The ultimate Python data processing framework combining intelligent pandas/Dask switching with AI-powered exploration, genomic computing support, and advanced workflow orchestration.

🏆 Production-Ready: Successfully published to PyPI with 334 passing tests, 54% coverage, and comprehensive CI/CD pipeline 🤖 AI-First: Pioneering local LLM integration for privacy-preserving natural language data queries ⚡ Performance-Optimized: Shows 7-90% speed improvements with intelligent memory-aware backend selection

Features

🚀 Intelligent Backend Selection: Memory-aware automatic switching between pandas and Dask based on file size, system resources, and file characteristics

📁 Multi-Format Support: Seamlessly work with CSV, JSON, ORC, and Parquet files with automatic format detection

📁 Smart File Handling: Reads files without requiring extensions - supports .parquet, .pqt, .csv, .tsv, .json, .jsonl, .ndjson, .orc

🔄 Seamless Switching: Convert between pandas and Dask with simple methods

⚡ Full API Compatibility: All pandas/Dask operations work transparently

🗃️ SQL Support: Execute SQL queries on DataFrames using DuckDB with automatic JOIN capabilities

🧬 BioFrame Integration: Genomic interval operations with parallel Dask implementations

🖥️ Powerful CLI: Command-line interface for data exploration, SQL queries, and batch processing

📝 Script Generation: Automatic Python script generation from CLI sessions

⚡ Performance Optimization: Built-in benchmarking tools and intelligent threshold detection

📋 YAML Workflows: Define complex data processing pipelines in YAML with declarative syntax

🤖 AI-Powered Queries: Natural language to SQL conversion using local LLM models (Ollama)

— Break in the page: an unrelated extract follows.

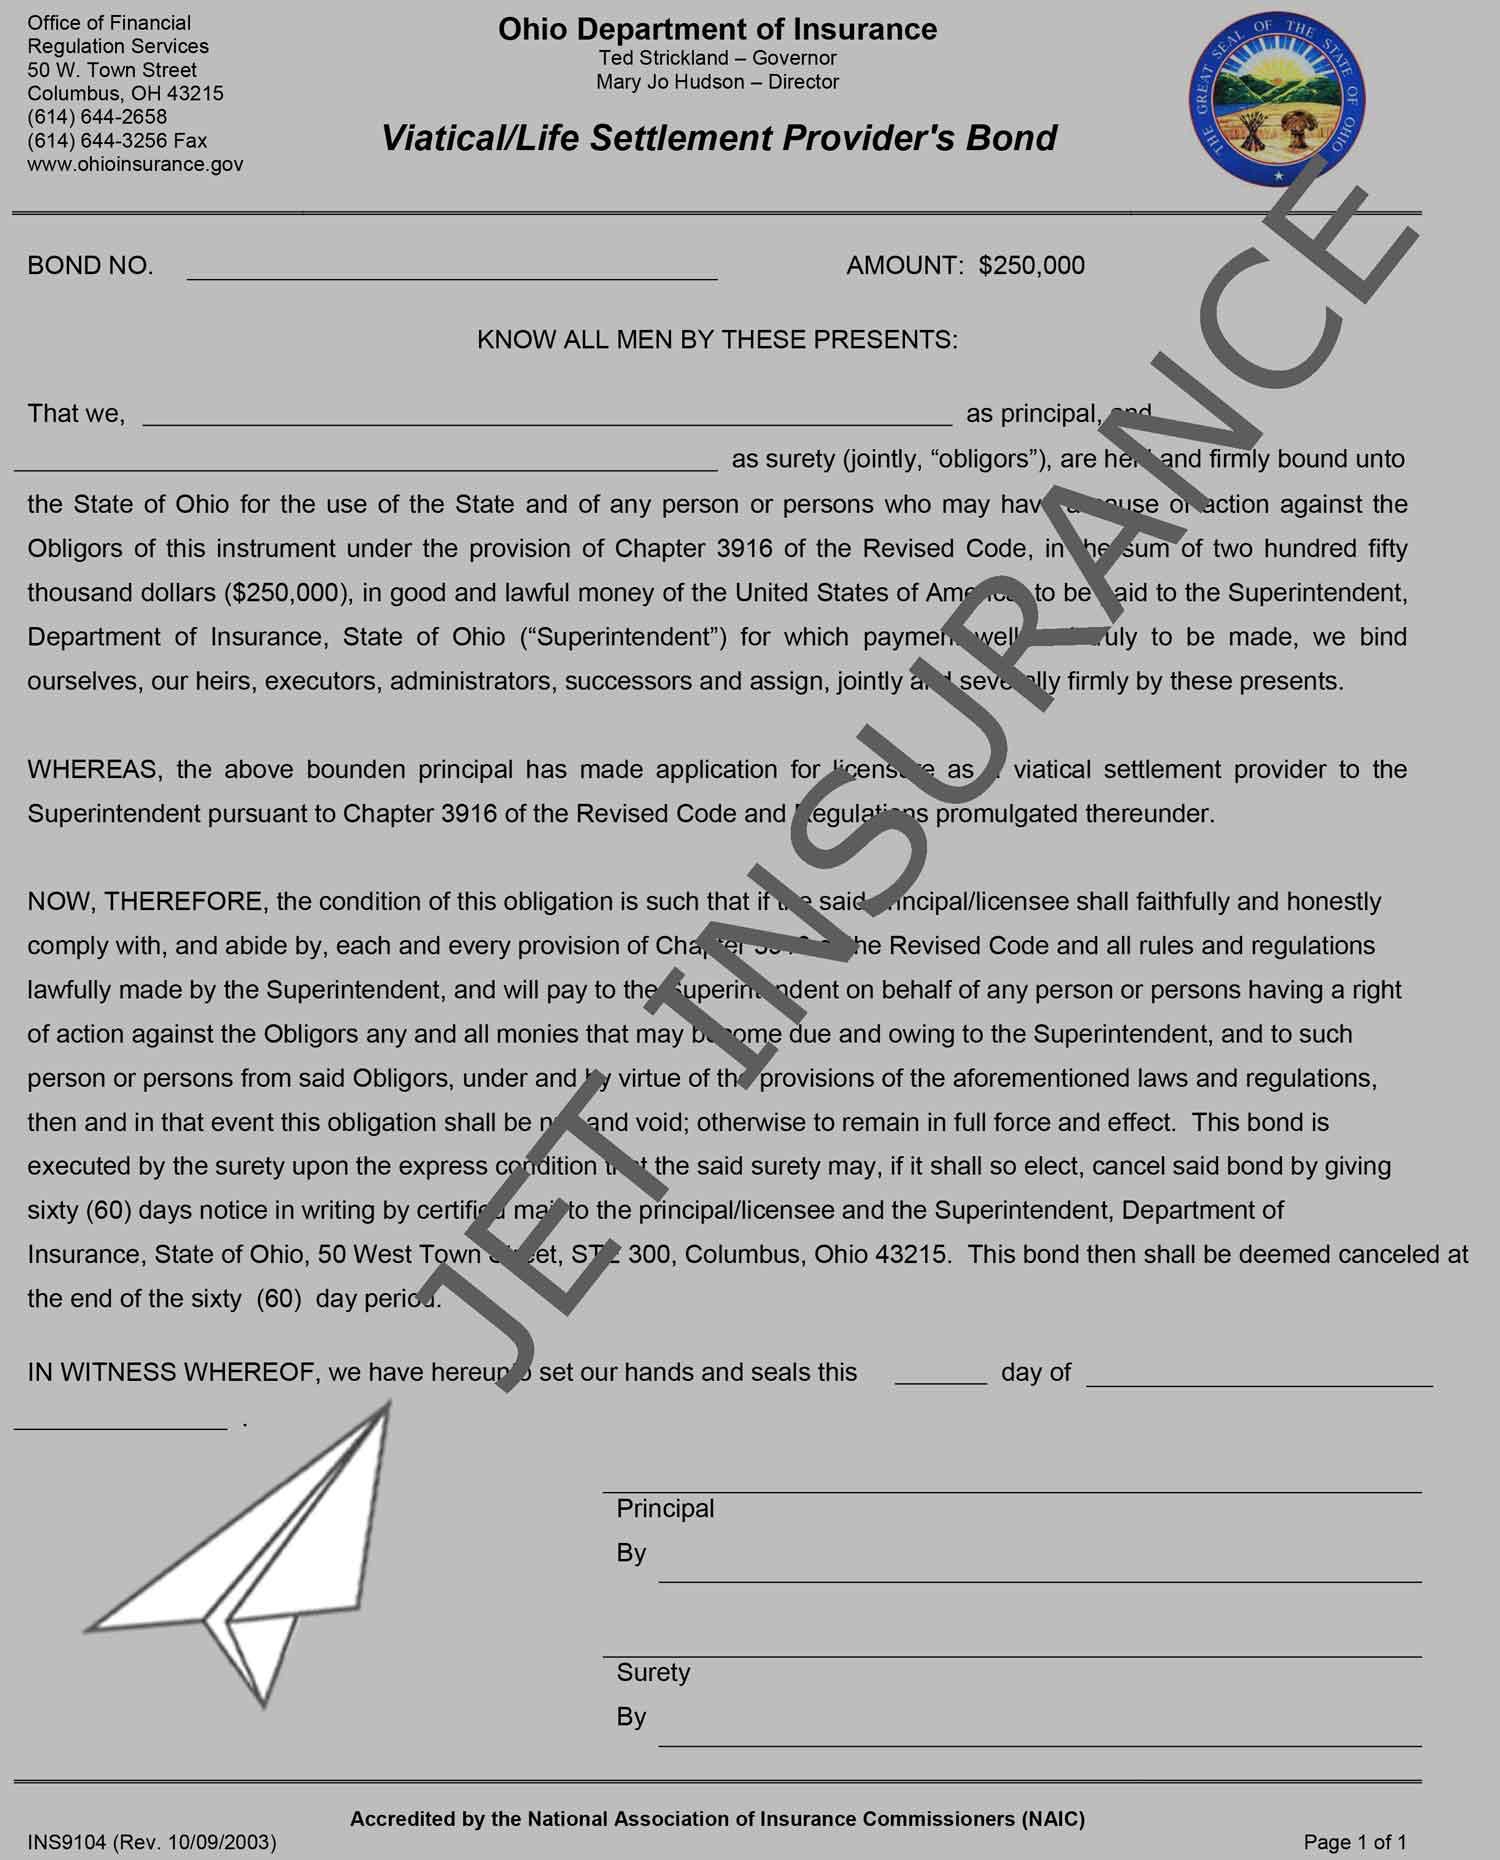 Ohio Viatical/Life Settlement Provider Bond Form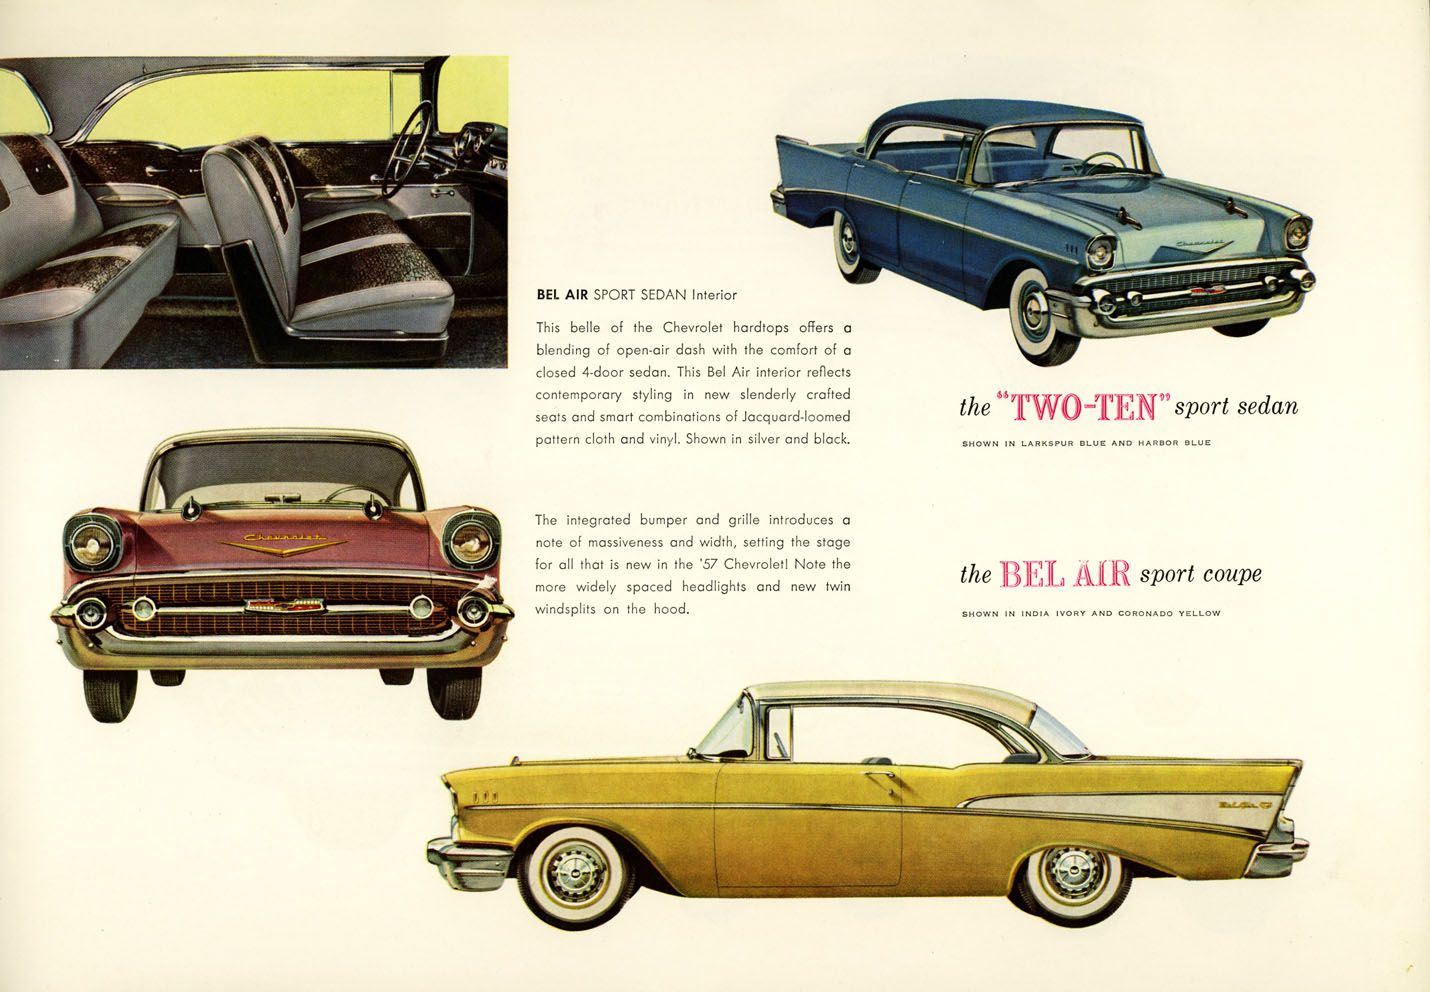 1957 Chevy 1957 Chevrolet Chevrolet Automobile Advertising

📋 Interactive Terminal: Rich CLI with command history, autocomplete, and natural language support

🎯 Zero Configuration: Works out of the box with sensible defaults

Quick Start

Installation

# Basic installation
pip install parquetframe

# With CLI support
pip install parquetframe[cli]

# With SQL support (includes DuckDB)
pip install parquetframe[sql]

# With genomics support (includes bioframe)
pip install parquetframe[bio]

# With AI support (includes ollama)
pip install parquetframe[ai]

# All features
pip install parquetframe[all]

# Development installation
pip install parquetframe[dev,all]

Basic Usage

import parquetframe as pf

# Read a file - automatically chooses pandas or Dask based on size
df = pf.read("my_data")  # Handles .parquet/.pqt extensions automatically

# All standard DataFrame operations work
result = df.groupby("column").sum()

# Save without worrying about extensions
df.save("output")  # Saves as output.parquet

# Manual control
df.to_dask()    # Convert to Dask
df.to_pandas()  # Convert to pandas

Multi-Format Support

import parquetframe as pf

# Automatic format detection - works with all supported formats
csv_data = pf.read("sales.csv")        # CSV with automatic delimiter detection
json_data = pf.read("events.json")     # JSON with nested data support
parquet_data = pf.read("users.pqt")    # Parquet for optimal performance
orc_data = pf.read("logs.orc")         # ORC for big data ecosystems

# JSON Lines for streaming data
stream_data = pf.read("events.jsonl")  # Newline-delimited JSON

# TSV files with automatic tab detection
tsv_data = pf.read("data.tsv")         # Tab-separated values

# Manual format override when needed
text_as_csv = pf.read("data.txt", format="csv")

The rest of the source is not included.